In his own way, Conrad becomes weirdly obsessed, alienating his cousin Emmet with whom he lives, along with his endlessly supportive Aunt Dana, all to save the person he loves but with whom he has an estranged and broken relationship.
Is it worth going as far as he does to save him?
That is the great burning question of The History of Living Forever which packs an enormous amount into its tightly-written 360 pages or so, almost to the point of breaking what is a very clever premise and a deft and highly-skilled execution.
There is no doubt that Jake Wolff can write and write dazzlingly well; The History of Living Forever is a thing of great prosaic beauty, possessing a poetic sense that seduces you on every brilliantly written page.
However, while the writing is superlative and the characters vividly drawn and fully realised, there is a sense of far too much being pushed into the book’s pages, to the point where any emotional connection to the story is largely squeezed to the sidelines.

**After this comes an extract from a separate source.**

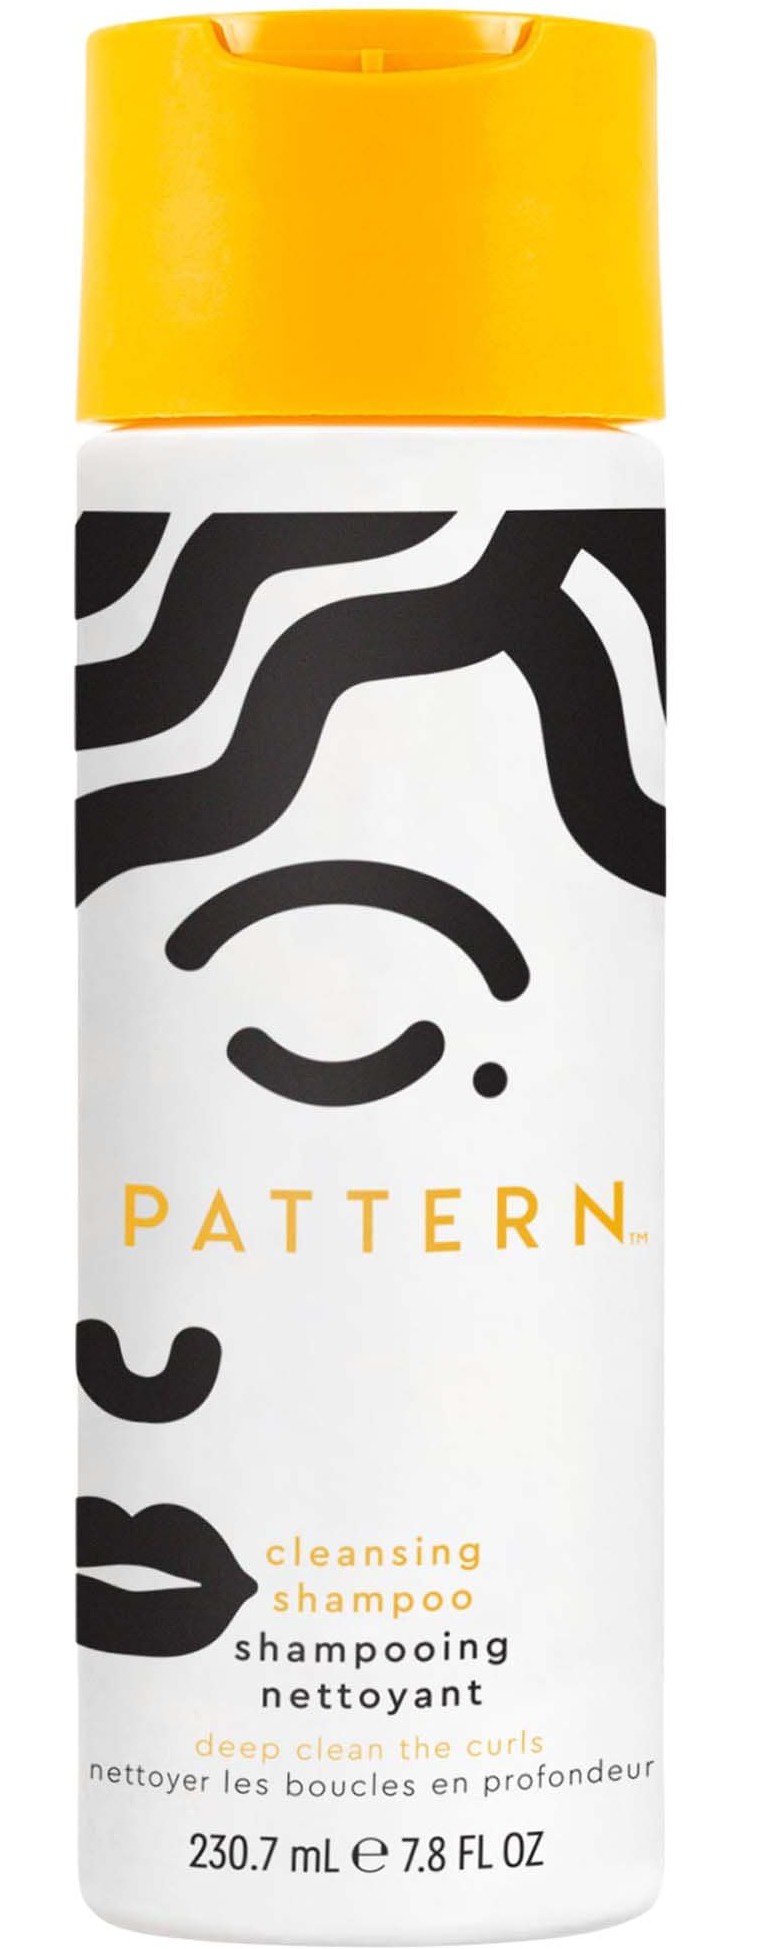 PATTERN Cleansing Shampoo

There is so much loss and trauma in everyone’s lives, so much cruel and terrible things unleashed ion them, especially Sammy and Conrad, that you almost cease to care about anything that is happening, such is the tumult and tsunami-like proportions of the overwhelming sadness that stalks them.
Conrad does have some laudable and uplifting elements to his life – Dana is devoted in the healthiest of parental ways, Emmett is a caring cousin and Conrad’s husband (the book covers a fair number of years, centuries in fact, in its fanciful but deeply human narrative) is the soulmate of his dreams – but by and large, he is defined by loss and grief, at least when he is sixteen which consumes much of the book, and it becomes so much to handle that you find yourself somewhat switching off from the emotional impact which is damn near relentless.

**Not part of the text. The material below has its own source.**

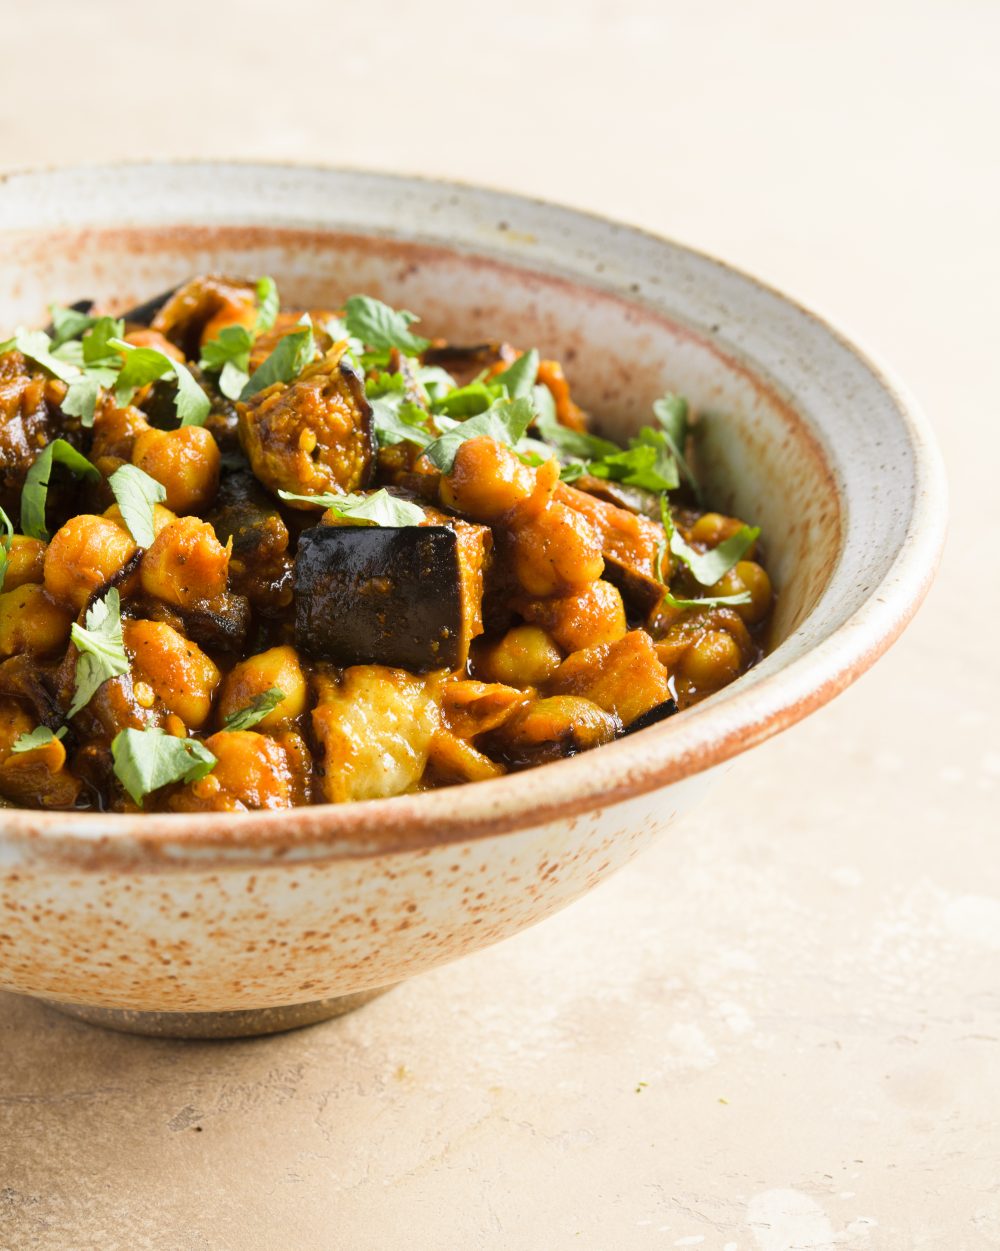 Curried eggplant chickpea stew v

“Sammy wrote that people see the elixir of life as against the laws of nature—to wish for it is amoral, to search for it is hubris. But I have wished for it, and I have searched for it, and here’s the closest I have come to a revelation: In hindsight, searching for Sammy’s elixir felt no different than searching for a job, for a boyfriend, for a house that’s big enough (but small enough) to call home. It’s just another thing I’ve wanted, among many other things, at some point in my life.” (P. 357)
Having said that, what makes The History of Living Forever such a brilliant read is the sheer level of imagination brought to bear and Wolff’s innate understanding of and evocation of what makes us human.

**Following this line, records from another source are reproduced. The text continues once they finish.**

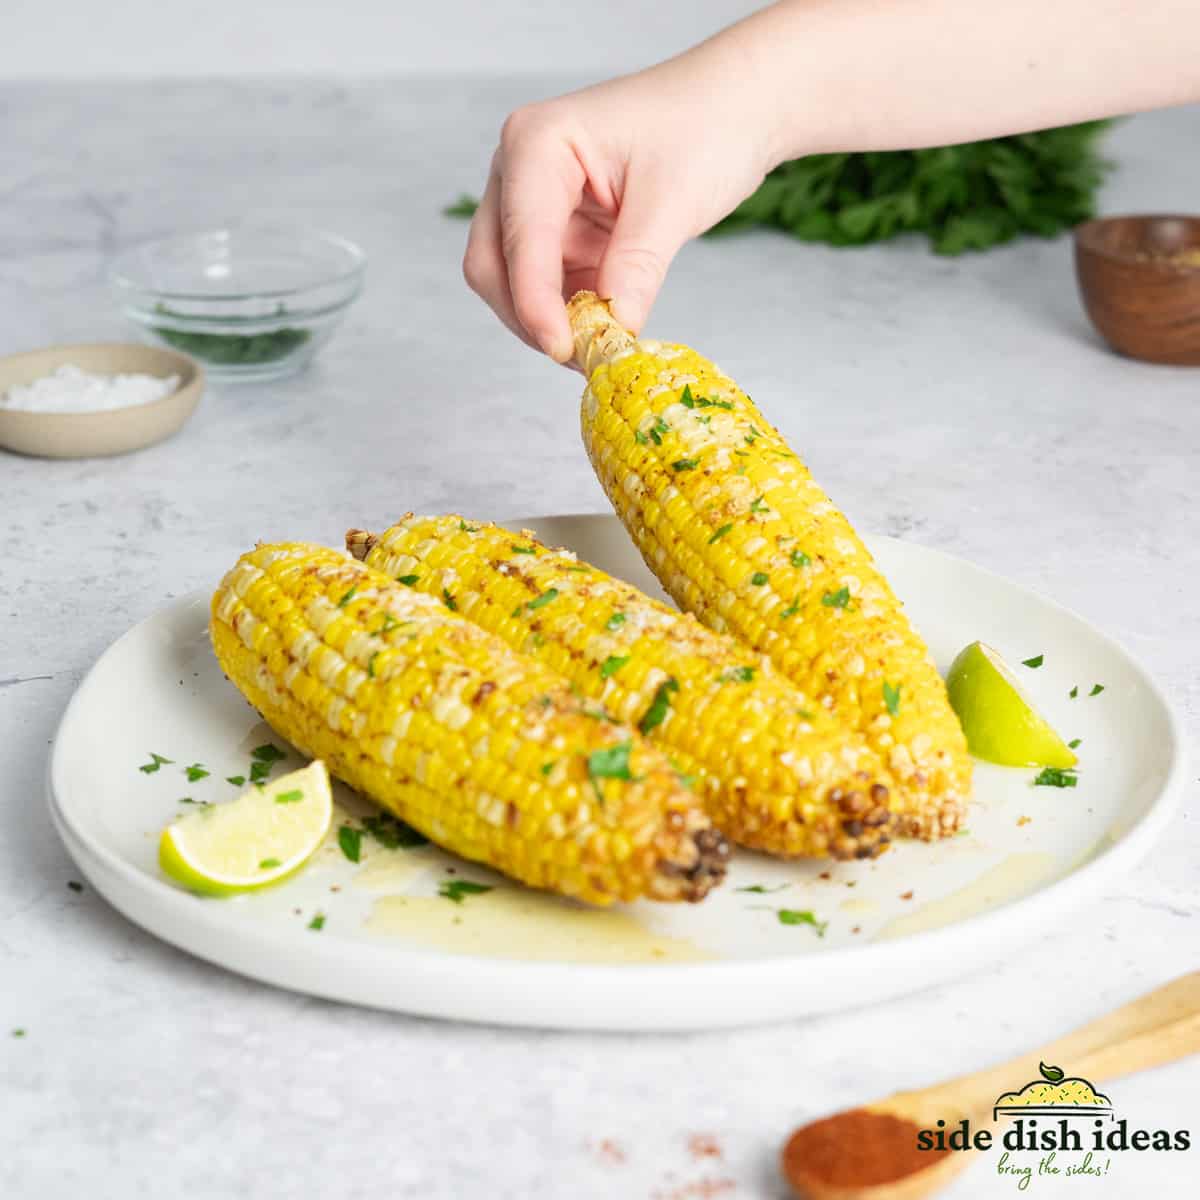 Three pieces of air fried corn on the cob on a white platter with limes and herbs
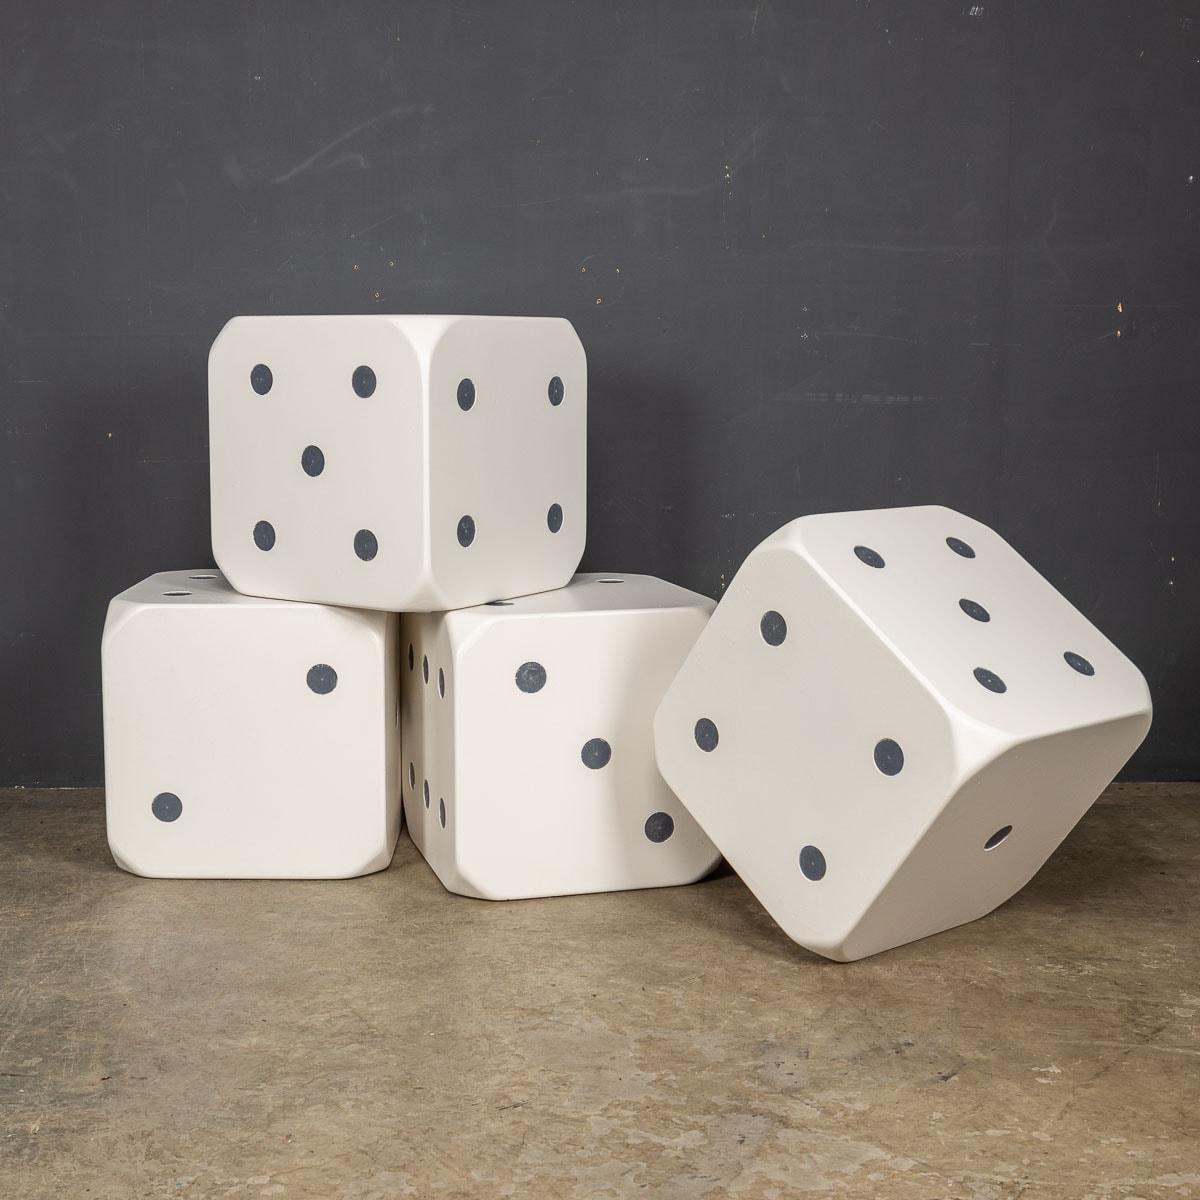 A playful collection of four wooden dice stools or side tables, designed in a delightful white hue adorned with charming grey spots. A wonderful addition to a games room.

CONDITION
In Good Condition - Wear consistent with age

SIZE
Height:

We are irrational, driven by emotions, condemning of maturity and logicality, thoughtfulness and care if it doesn’t suit our purposes, and prone to destroying things even as we try to save them and Wolff captures all the hurtful if hopeful contrariness in his book which, though it overworks itself, is brimming with a desperate, frantic humanity.
The History of Living Forever is proof positive that, selfishly or not, we are dreamers and hopers, risk takers and lovers, people who will do what it takes to save the ones we love but who do not always know exactly when to hit “stop” and admit that whatever we are doing to the exclusion of all else, may be doing more harm than good.
In the end, for all its busy flaws and emotional alienation, The History of Living Forever is an impressive book, one possessing elegant but evocative writing, a fecund imagination that reinterprets all kinds of things through the lens of love-driven desperation and a palpable sense of of humanity, love, grief and loss that reminds us again and again that even the very best of things can become tainted if we don’t keep some sense of perspective and realise that though we are consumed now by something, it may not always be the thing we need or crave and that we should always remember the world is bigger and better than us and possessed of so many things that one day we might in fact find what we are looking for and it is nothing like what we thought we needed.